I'm seeing normal (up to 8 hits per second) activity until Oct. 28 with a max of 79 h-p-s, then back to normal.

I'm only seeing a couple of instances of the Mozilla Googlebot, which reports itself as being v.2.1, just like the "original" non-Moz bot.

I DO note, however that with the exception of a Dutch bot, I've had NO requests for my robots.txt files since July. Yahoo's bot is freaking out, Googlebot is freaking out ... no rest for the wicked.

10:48 pm on Nov 1, 2004 (gmt 0)

Senior Member

WebmasterWorld Senior Member 10+ Year Member

joined:Apr 20, 2004
posts:1475
votes: 0


What do you guys think about this ...?

Somebody is spoofing Yahoo and Google bot IPs.

The stuff you are reporting is very similar to a situation I reported about the Yahoo bot, late last week ... hundreds of thousands of hits per day in what looks like a bad programming reaction (same pages over and over, etc.)

All of my log entries for the Yahoo-bot-gone-out-of-control are from one IP address, which is definitely one of the Yahoo bot addresses, but just the one, not a series of IPs like the normal bot uses.

11:06 pm on Nov 1, 2004 (gmt 0)

Preferred Member

10+ Year Member

joined:Mar 23, 2002
posts:602
votes: 0


Google has been checking at a high rate older 404 pages, from nearly a year ago. Interesting the rate it is going at and also that the age of the database they are using is pre Oct 2003.
12:57 am on Nov 2, 2004 (gmt 0)

Preferred Member

10+ Year Member

joined:Dec 20, 2002
posts:352
votes: 0


It's easy to say big changes are coming, etc. Happens every year around the beginning of Nov. The reason: Christmas
1:00 am on Nov 2, 2004 (gmt 0)

New User

10+ Year Member

joined:June 22, 2004
posts:9
votes: 0


Funny, I was reading this yesterday and hoping Googlebot might pay me a similar visit since it's been pretty boring on my website lately. (whoops!)

Today I woke up and found an 18mb log file, up from the usually 2-3mb (and this includes *zero* image requests logged, css, js etc) mostly filled with Googlebot requests from 66.249.65.101.

I noticed several points where it was crawling at 30/pages second, which is far too much even if I do want google to crawl my website quickly and completely.

All my URL's are presented as static pages using mod_rewrite, and there's nothing the bot could trip up on.
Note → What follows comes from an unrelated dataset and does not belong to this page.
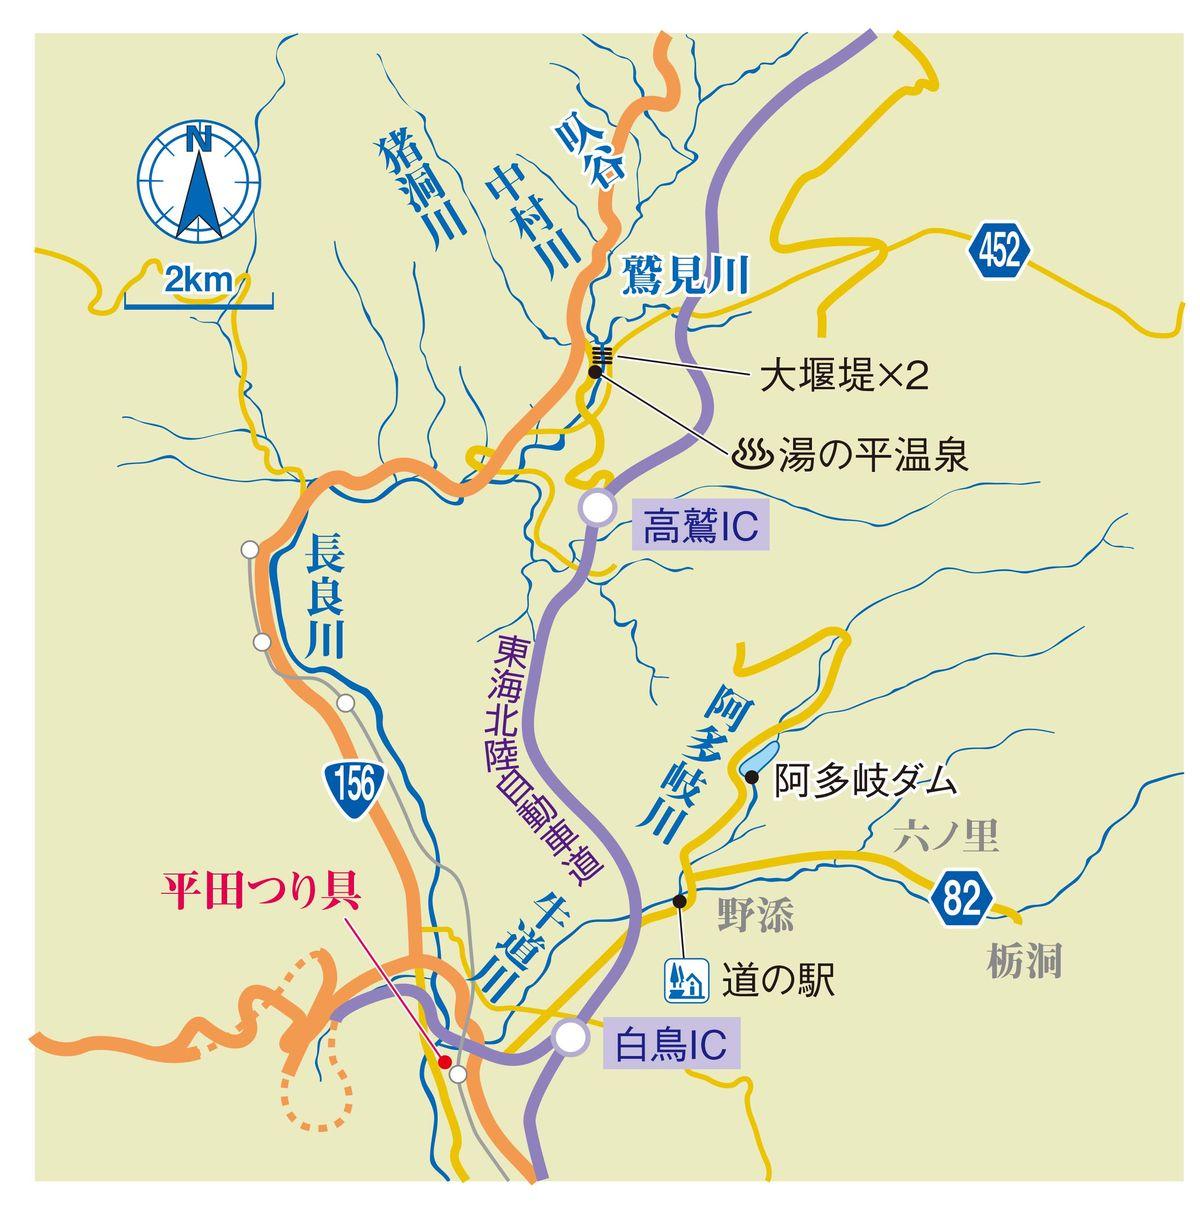 039-051best keiryu_cs6 (5)

I can't remember the last time Google crawled like this, it's not like them!

1:06 am on Nov 2, 2004 (gmt 0)

Preferred Member

10+ Year Member

joined:Mar 31, 2003
posts:386
votes: 0


The number of requests per second that the "new" Googlebot is making is probably some way for Google to determine how optimized/fast/responsive your site is.

I noticed that the connections that Mozilla/Googlebot was making specified a KeepAlive option, so requests were basically filed one after the other on the same connection, rather than being piled up in parallel and overwhelming the server.
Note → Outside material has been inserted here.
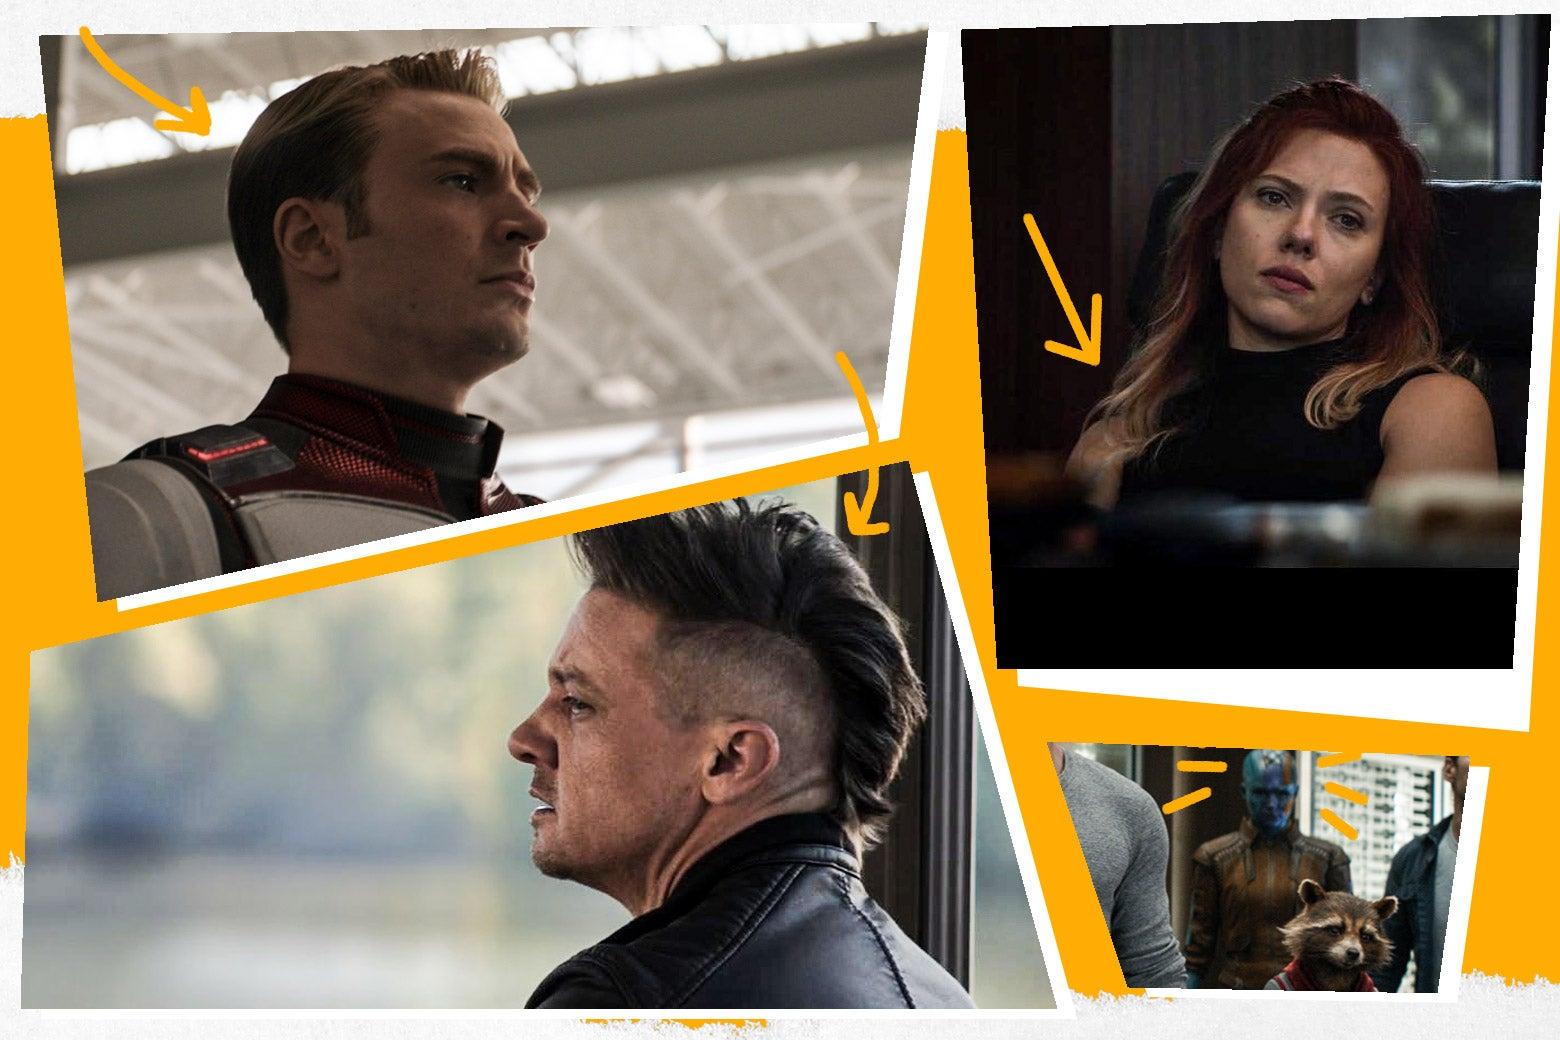 The hairstyles of Captain America, Black Widow, Hawkeye, and Nebula in Avengers: Endgame.

Seriously, I see no other way to explain why I was getting 200 requests per second, which is practically the *maximum* amount of serial requests that would be possible to fulfil given the latency from Googlebot to my server (30ms or so). I would imagine that the better your site responds the more apt Google would be to send you more traffic (ie. higher ranking)

[edited by: Critter at 1:08 am (utc) on Nov. 2, 2004]

1:08 am on Nov 2, 2004 (gmt 0)

Preferred Member

10+ Year Member

joined:Oct 11, 2003
posts:427
votes: 0


I do not think there is anything too abnormal going on. The googlebot comes and goes and it just so happens that today it's very busy. If this trend continues for a few days, then I would say google is up to something. Slurp activity also increased sharply today, which is a strange coincidence.
1:32 am on Nov 2, 2004 (gmt 0)

New User

10+ Year Member

joined:Oct 14, 2004
posts:40
votes: 0


but does anybody know what is the difference between this mozilla bot and the other bot? I mean does it have a different job than the non mozilla?

any comments?

Note that it crawled my site from two different ip

1:46 am on Nov 2, 2004 (gmt 0)

New User

10+ Year Member

joined:Sept 6, 2002
posts:27
votes: 0


again, this is definitelly google. run a whois check on the IP if you want, but this thread is not about halloween Googlebot spoofing crawlers:)

the Google team did reply, here's their answer:
“We are sorry about any excessive strain Google is causing your web servers. If you would like us to slow down the rate at which Googlebot crawls your site, please send us a copy of your most recent weblog that lists Googlebot, and we will pass your request on to our engineers. “

I had very little Googlebot requests for a few days. Then Today I had 30k requests again, at this rate:
% cat access_log ¦ grep Googlebot ¦ awk -F - ‘{print $3}’ ¦ sort ¦ uniq -c ¦ sort -r ¦ head
40 [01/Nov/2004:18:17:28
39 [01/Nov/2004:18:16:50
36 [01/Nov/2004:18:17:22
35 [01/Nov/2004:19:17:06
35 [01/Nov/2004:19:15:51
35 [01/Nov/2004:18:17:32
35 [01/Nov/2004:18:17:29
35 [01/Nov/2004:18:17:21
34 [01/Nov/2004:19:17:09

I should email them with the access logs. Your growing thread here makes me think my website was by accident one of their first targets; now the crawler targets other websites as well at the same greediness.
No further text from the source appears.